Den angeführten Haftgründen kann im Hinblick auf ihre Intensität nicht effektiv ( Mayerhofer, StPO 6§ 173 E 192) durch gelindere Mittel des § 173 Abs 5 StPO begegnet werden, weil taugliche gelindere Mittel nicht zur Verfügung stehen. Die in der Beschwerdeausführung vorgeschlagene tägliche Meldepflicht könnte den Haftgrund der Tatbegehungsgefahr nicht substituieren, vorläufige Bewährungshilfe oder das Gelöbnis, „ keinen Kontakt zu Suchtgiftabnehmern aufzunehmen “, kommen mangels jedweder Erfolgsaussichten zur effektiven Substitution der Haftgründe nicht in Betracht.
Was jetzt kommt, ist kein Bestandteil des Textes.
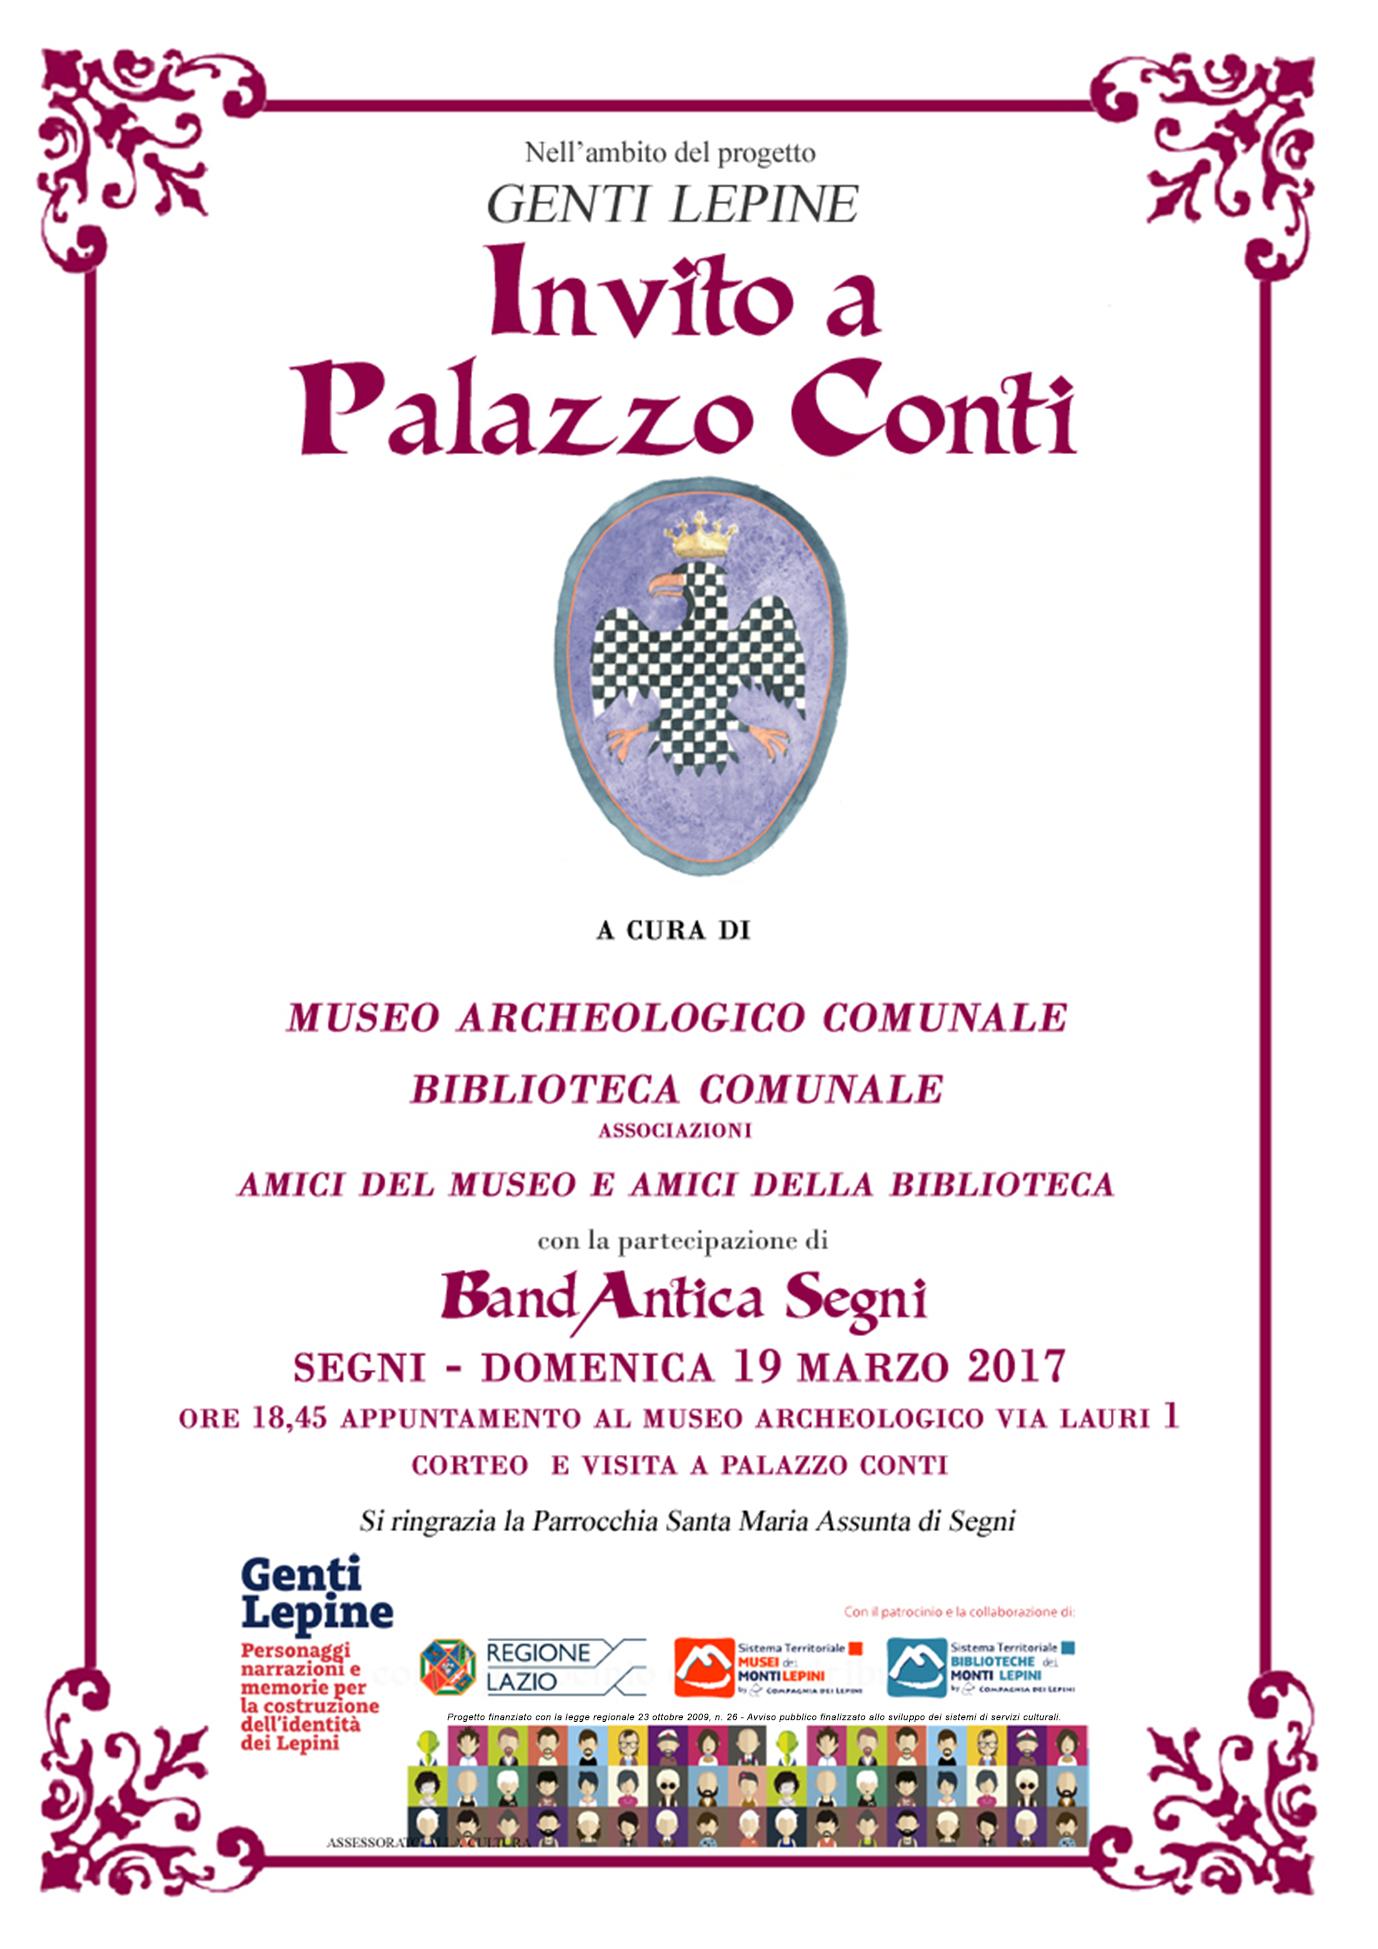 19-03-17-invito-a-palazzo-conti-segni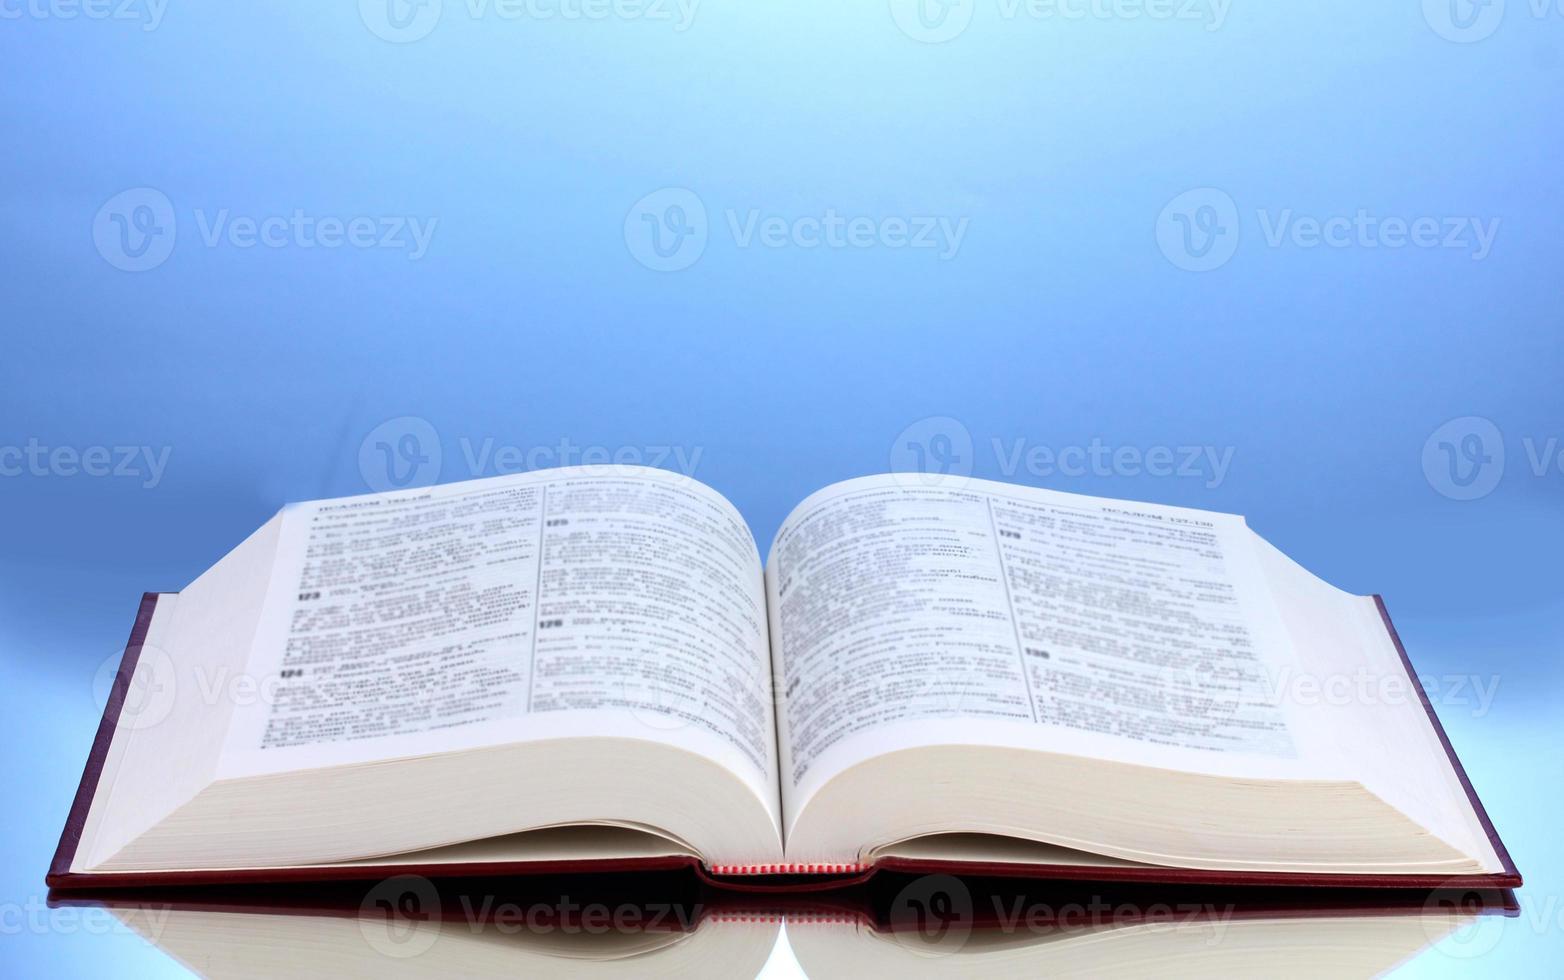 open boek over reflecterend oppervlak van tabel op blauwe achtergrond foto

Auch steht die Fortsetzung der rund zwei Wochenandauernden Untersuchungshaft weder zur Bedeutung der Sache noch zu der im Falle eines Schuldspruchs zu erwartenden Strafe (der derzeitige Strafrahmen beträgt infolge Vorliegens der Rückfallvoraussetzungen gemäß § 27 Abs 2a SMG iVm § 39 Abs 1 StGB bis zu drei Jahre Freiheitsstrafe) außer Verhältnis. Die (hypothetische) Möglichkeit einer bedingten Entlassung ist ebenso wenig wie jene einer (teil)bedingten Strafnachsicht Gegenstand der Verhältnismäßigkeitsprüfung nach § 173 Abs 1 StPO (ua 14 Os 63/10m).

Der Ausspruch über die Haftfrist gründet sich auf § 175 Abs 5 StPO.

Der Beschwerde ist daher ein Erfolg zu versagen.